From the looks of things they may have two or three mated pairs in there. Many have started to extend their papilla. Everyone is crowding the intake tube since its the only flat surface.


----------



## susankat (Nov 15, 2008)

If conditions are right they should breed again in about 2 weeks


----------



## hank (Apr 11, 2011)

M1ster Stanl3y said:


> yeah 24hrs later they ate the eggs. started with the none fertilized ones, ended with the rest


Correct me if I'm wrong. Are you saying the angles ate all the eggs?


----------



## susankat (Nov 15, 2008)

Thats normal for angels to eat the eggs for the first few times. So many angels these days have lost a lot of the normal instincts for caring for them till after a few trys.


----------



## hank (Apr 11, 2011)

susankat said:


> Thats normal for angels to eat the eggs for the first few times. So many angels these days have lost a lot of the normal instincts for caring for them till after a few trys.

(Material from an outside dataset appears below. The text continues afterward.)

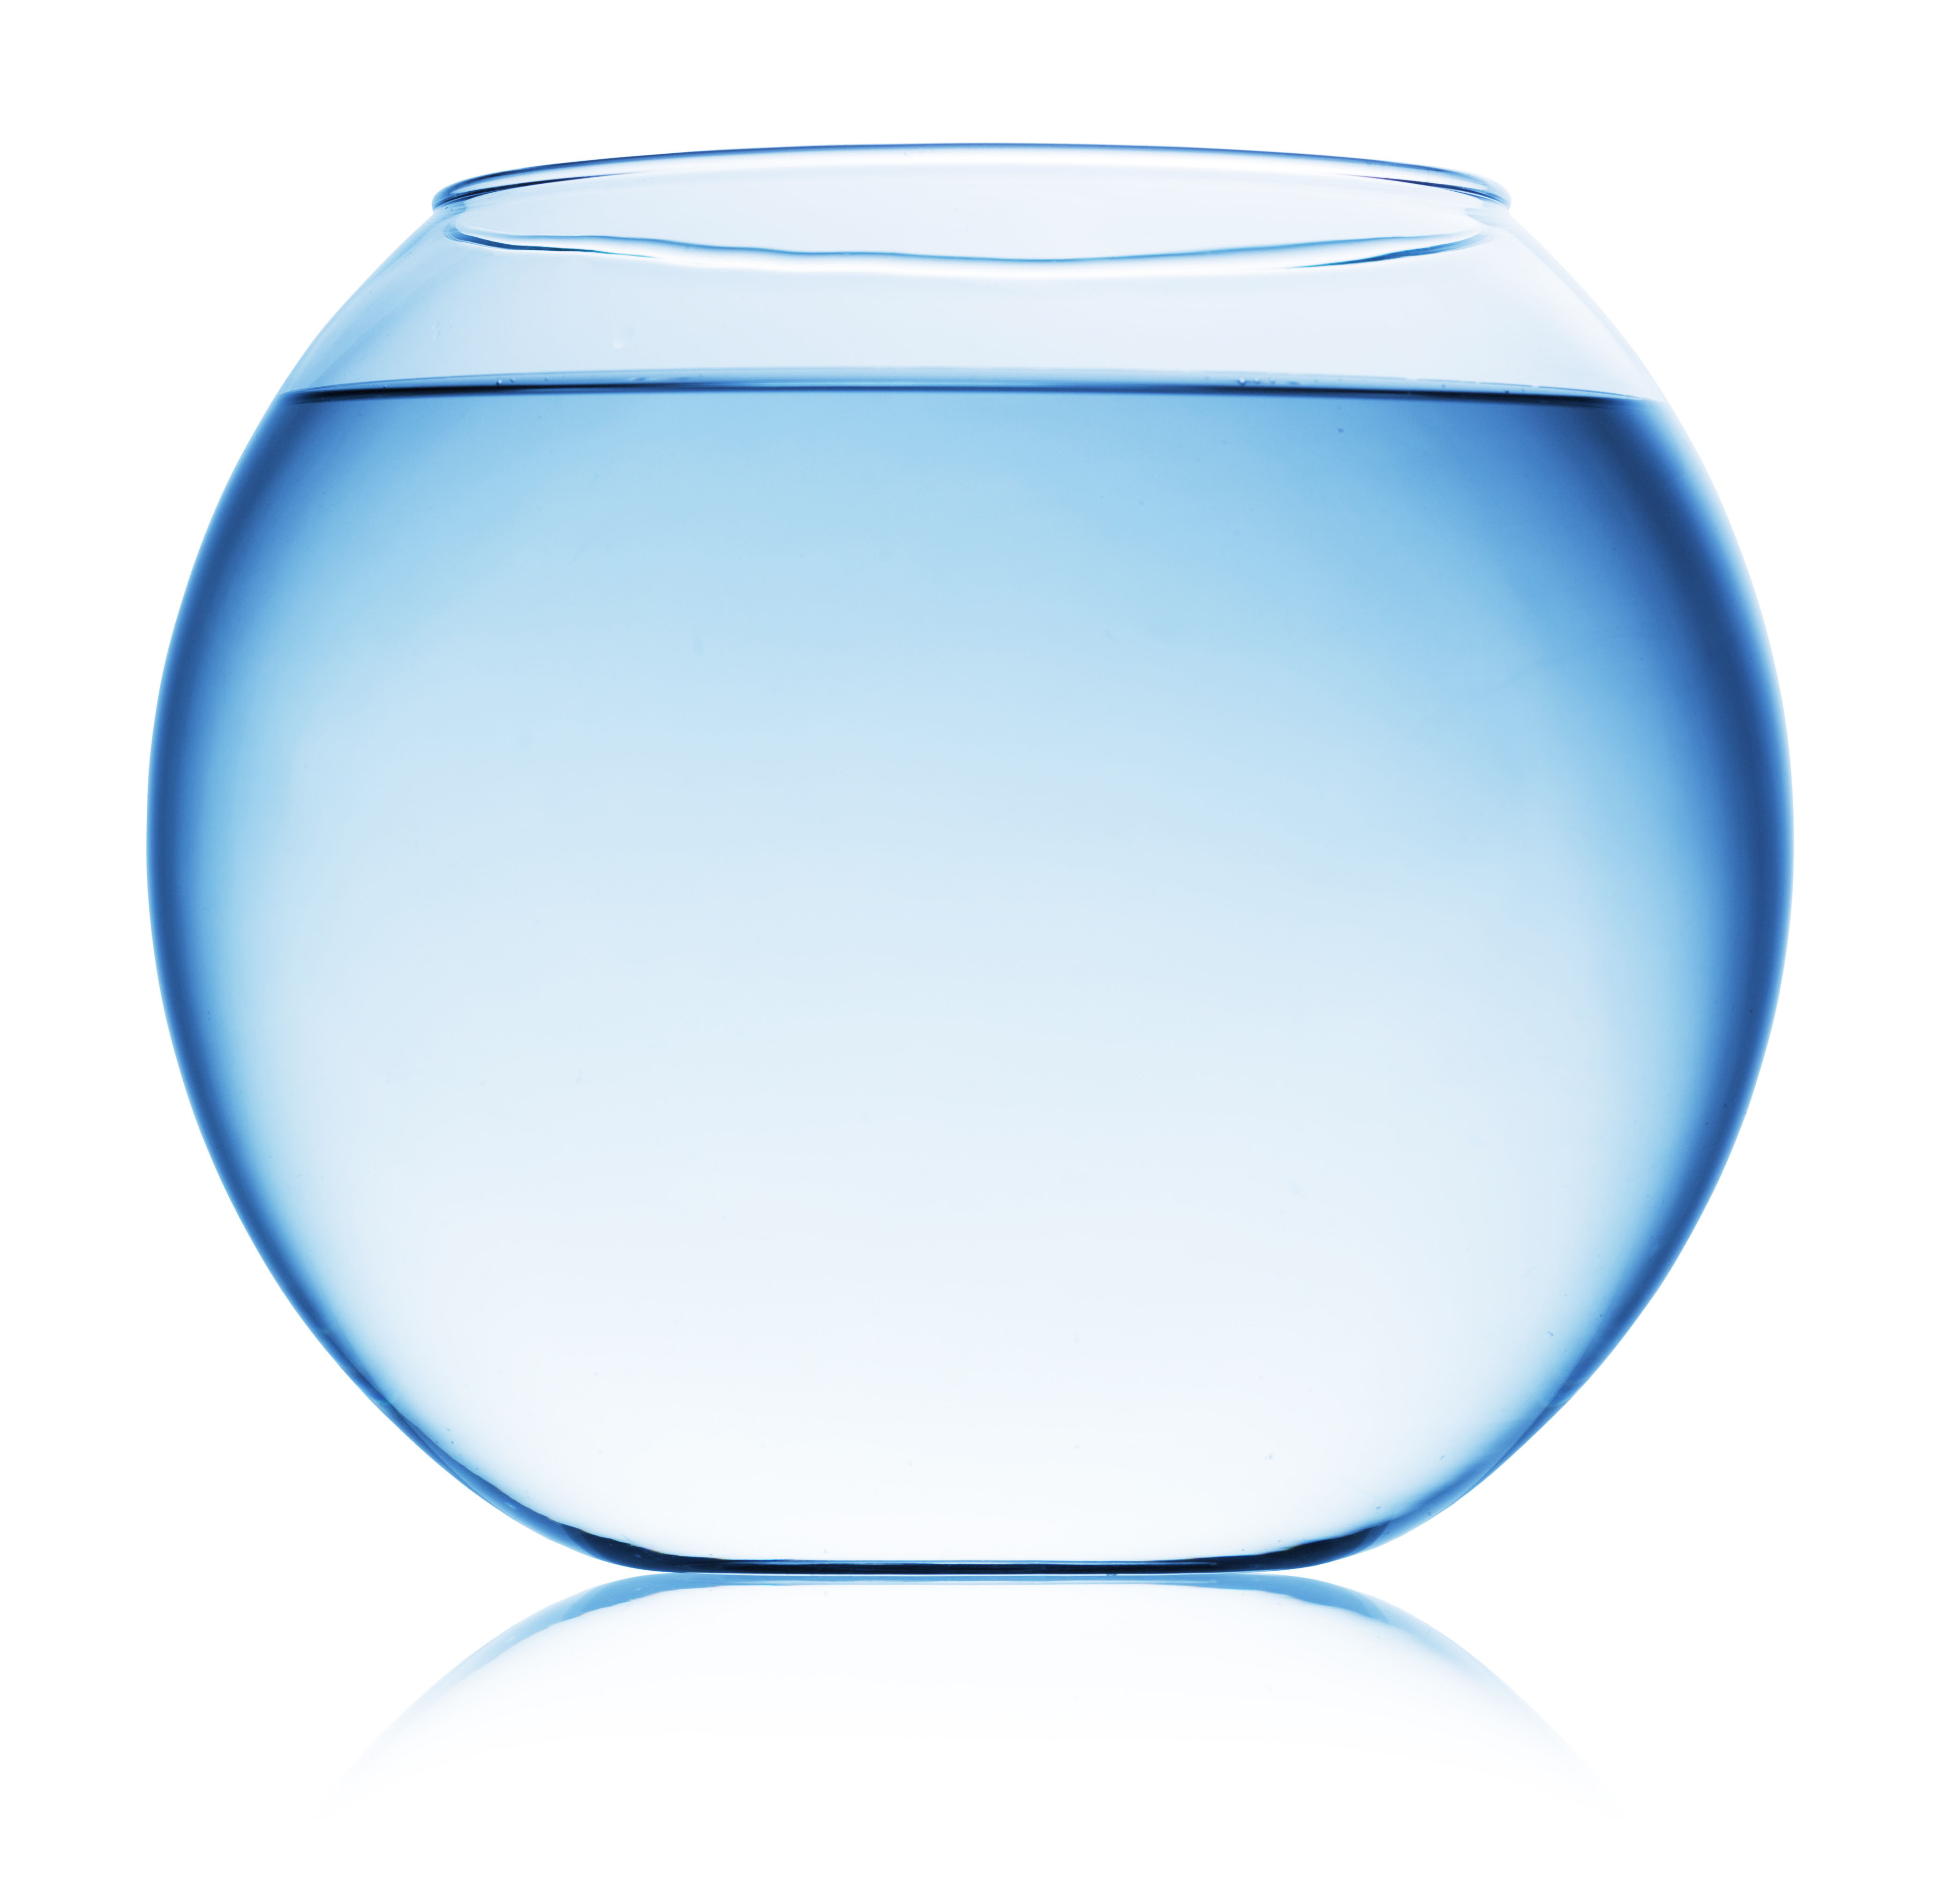 Fish Bowl Template - HD Photos Gallery

Susan, I miss read his post...But I will say this, 45 years ago, Young breeding pairs who ate their eggs were considered immature. Today it's still considered immature. This would not be considered lost normal instincts and I don't know what other normal instincts you are referring to that was lost through time..


----------



## WhiteGloveAquatics (Sep 3, 2009)

I gotta agree with hank, A few weeks age difference has made alot of difference in egg tending and young rearing. My pops who was in the hobby for show 45 years ago still says the same thing. Its roughly every 3 days his fish drop eggs and within 2 days they are gone, he has one pair that is months older then his next pair and the older ones are much more disciplined parents and are about as far from wild as it gets.


----------



## hank (Apr 11, 2011)

WhiteGloveAquatics said:


> I gotta agree with hank, A few weeks age difference has made alot of difference in egg tending and young rearing. My pops who was in the hobby for show 45 years ago still says the same thing. Its roughly every 3 days his fish drop eggs and within 2 days they are gone, he has one pair that is months older then his next pair and the older ones are much more disciplined parents and are about as far from wild as it gets.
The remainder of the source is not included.